The last hypothesis test, where we test $H_0$ agains $H_1: \beta_i \neq 0$ is also automatically calculated in the output of lm()
:
summary(lm_fit_linear)$coefficients
The $t$-ratio is in the t value
column and the $p$-value is in the last column, we see that they are the same as our t_stat
and the calculated $p$-value of the two-tail hypothesis test.
Let $\widehat{Y}_i = \widehat{\beta}_0 + \widehat{\beta}_1 \tilde{X}_i$ for given values $\tilde{X}_i$. We can also express this in a matrix notation as: $\widehat{\mathbf{Y}} = \widetilde{\mathbf{X}} \widehat{\boldsymbol{\beta}}$
The variance-covariance matrix of the estimated mean response is: $$ \widehat{\mathbb{V}{\rm ar}} (\widehat{\mathbf{Y}}) = \widetilde{\mathbf{X}} \widehat{\sigma}^2 \left( \mathbf{X}^\top \mathbf{X}\right)^{-1} \widetilde{\mathbf{X}}^\top = \widetilde{\mathbf{X}} \widehat{\mathbb{V}{\rm ar}} (\widehat{\boldsymbol{\beta}}) \widetilde{\mathbf{X}}^\top $$ which means that we need to use the OLS estimator variance-covariance matrix when calculating the confidence intervals for the mean response.

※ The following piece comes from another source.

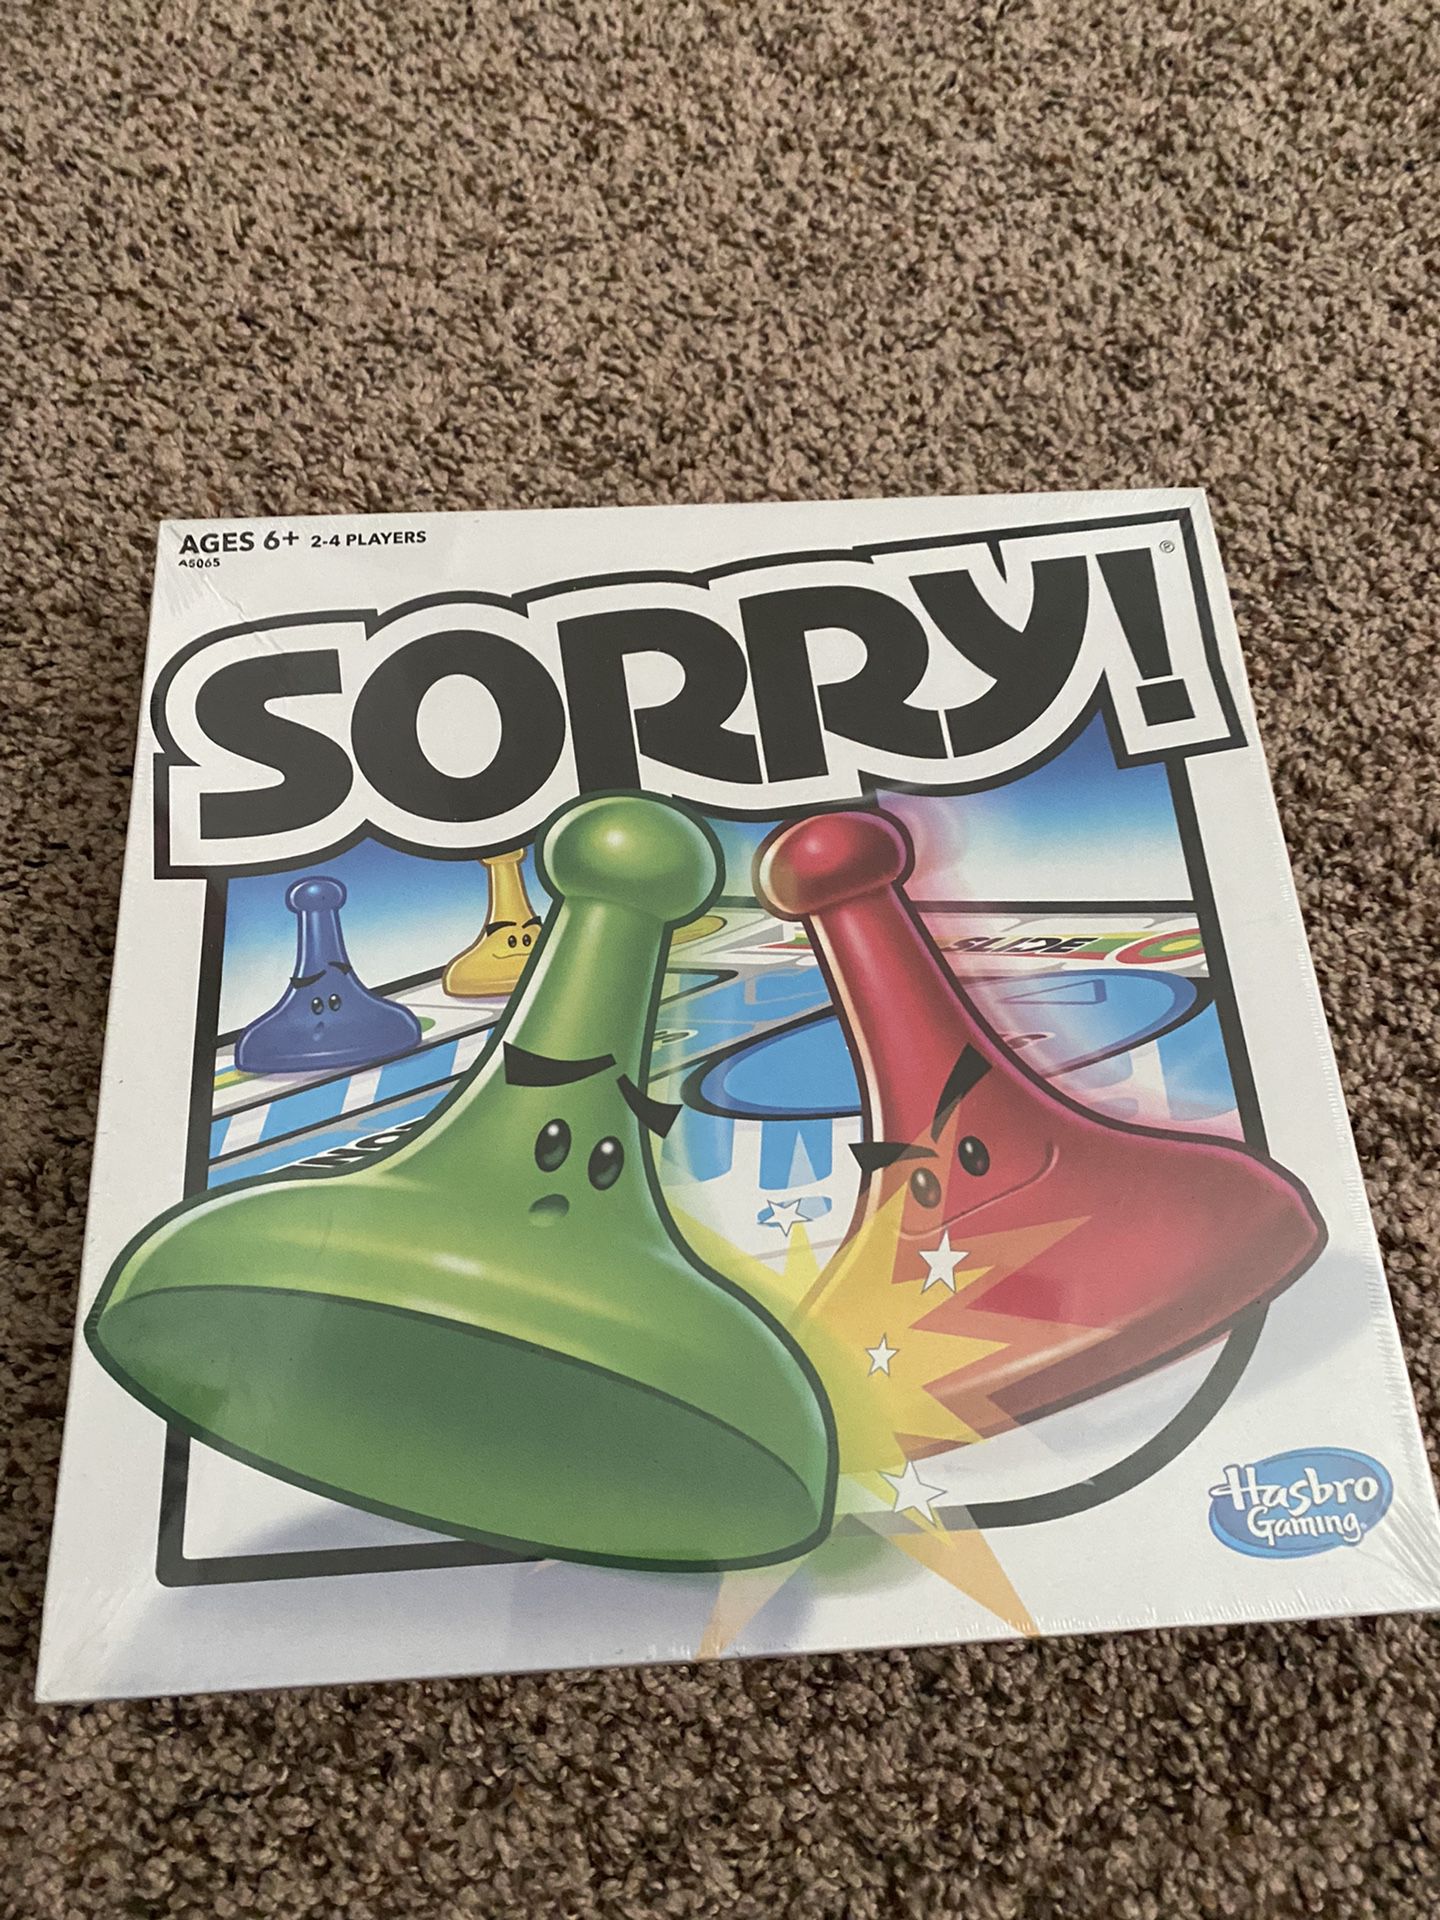 Sorry Board Game

The confidence intervals for the mean response are calculated follows: $$ \widehat{Y}_i \pm t_{(1 - \alpha/2, N-2)} \cdot \text{se}(\widehat{Y}_i) $$ where the standard error of the mean response is the square root of the corresponding diagonal elements of the mean response variance-covariance matrix: $\text{se}(\widehat{Y}_i) = \sqrt{\widehat{\mathbb{V}{\rm ar}} (\widehat{Y}_i)}$
We will begin by calculating the standard error of the mean response for the simple linear model:
x_tilde <- x_mat
wage_mean_fit <- x_tilde %*% beta_est_linear
wage_mean_varcov <- x_tilde %*% beta_est_linear_var %*% t(x_tilde)
wage_mean_se <- sqrt(diag(wage_mean_varcov))

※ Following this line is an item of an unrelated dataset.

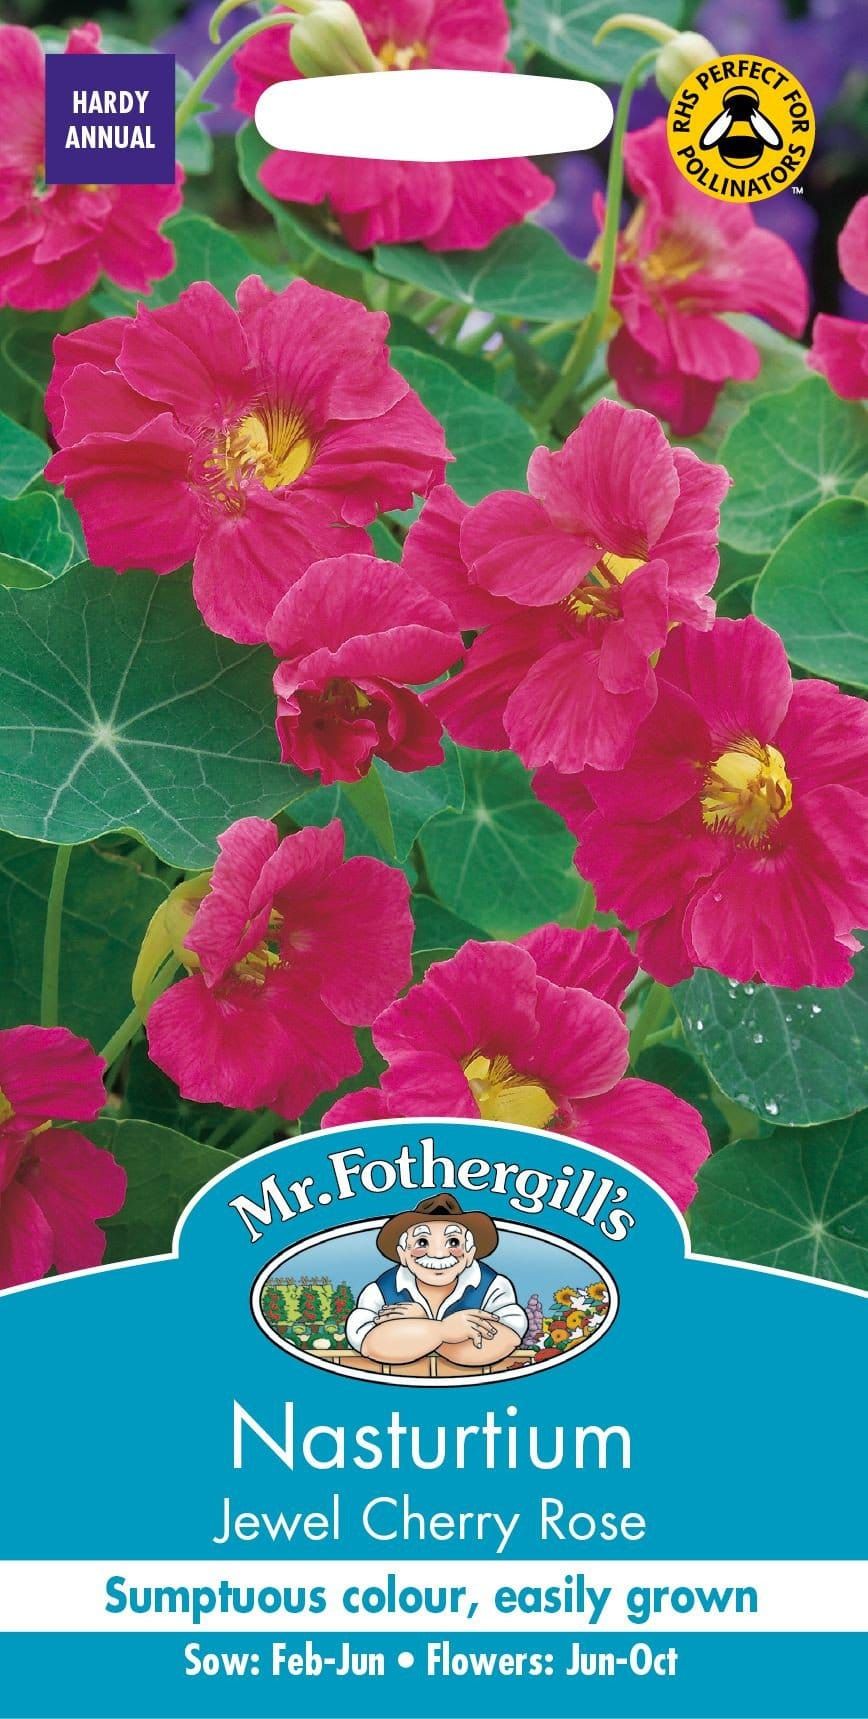 Mr Fothergills Nasturtium Jewel Cherry Rose 25 Seeds

Next, we will plot calculate the $95\%$ confidence intervals for the mean response:
wage_mean_lower <- wage_mean_fit - qt(1 - 0.05/2, length(educ) - 2) * wage_mean_se
wage_mean_upper <- wage_mean_fit + qt(1 - 0.05/2, length(educ) - 2) * wage_mean_se
Finally, we will plot the estimated mean resposne along with the lower an upper confidence intervals:
plot(educ, wage, ylim = c(min(wage_mean_fit), max(wage)))
lines(educ[order(educ)], wage_mean_fit[order(educ)])
abline(h = 0, col = "darkgreen", lwd = 2, lty = 2)
lines(educ[order(educ)], wage_mean_lower[order(educ)], lty = 2, col = "red")
lines(educ[order(educ)], wage_mean_upper[order(educ)], lty = 2, col = "red")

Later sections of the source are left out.